**Work request:**
Within the records below, reproduce without change the lines from the line that has "Columbia 300 Spoiler" through the line that has "Electric Guitar from scratch", and only those.

**Supplied material:**

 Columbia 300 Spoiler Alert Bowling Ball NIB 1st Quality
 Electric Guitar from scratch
* * *
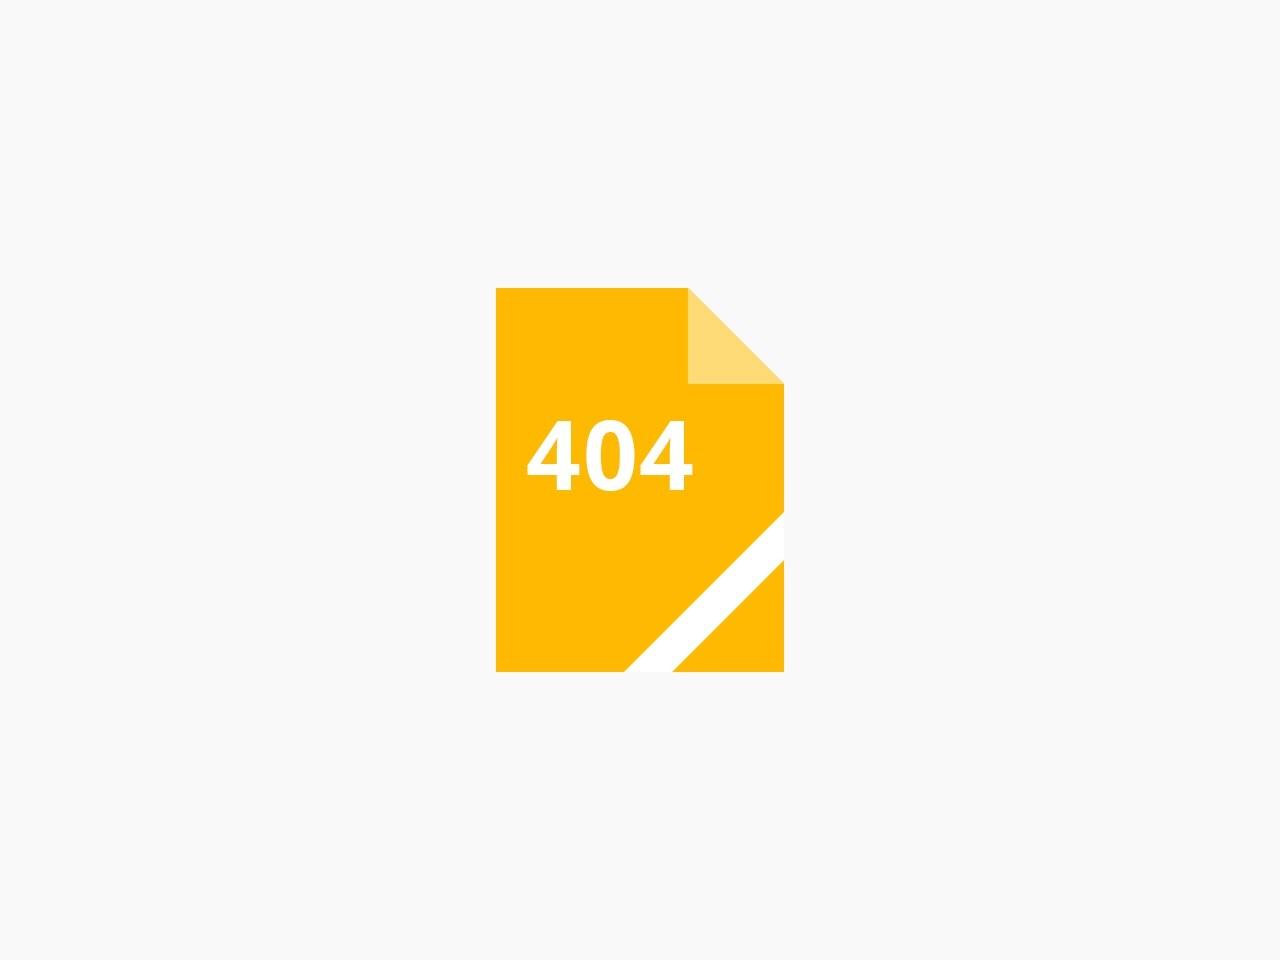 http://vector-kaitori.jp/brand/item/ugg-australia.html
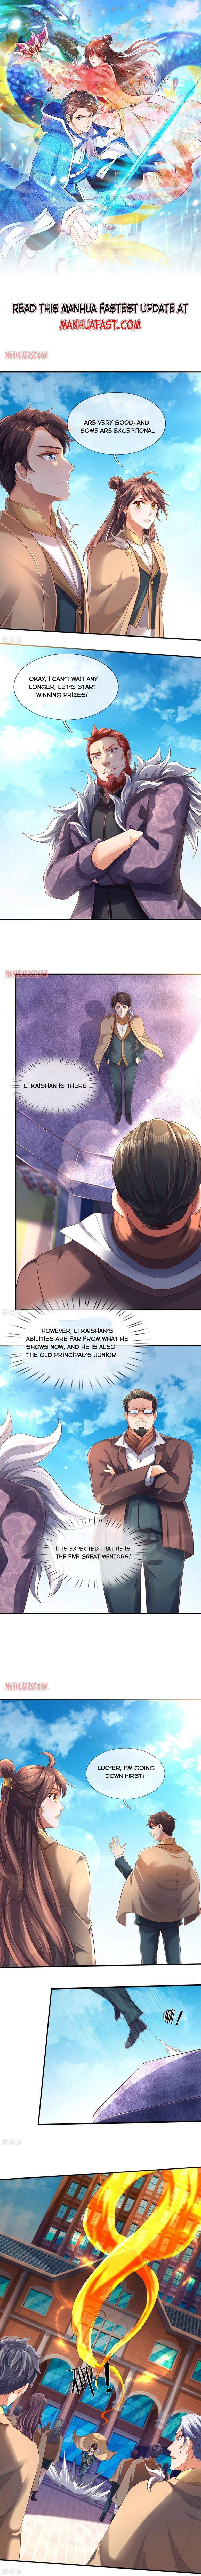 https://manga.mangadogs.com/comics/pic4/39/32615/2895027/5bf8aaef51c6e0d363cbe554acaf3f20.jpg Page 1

**Answer section:**
 Columbia 300 Spoiler Alert Bowling Ball NIB 1st Quality
 Electric Guitar from scratch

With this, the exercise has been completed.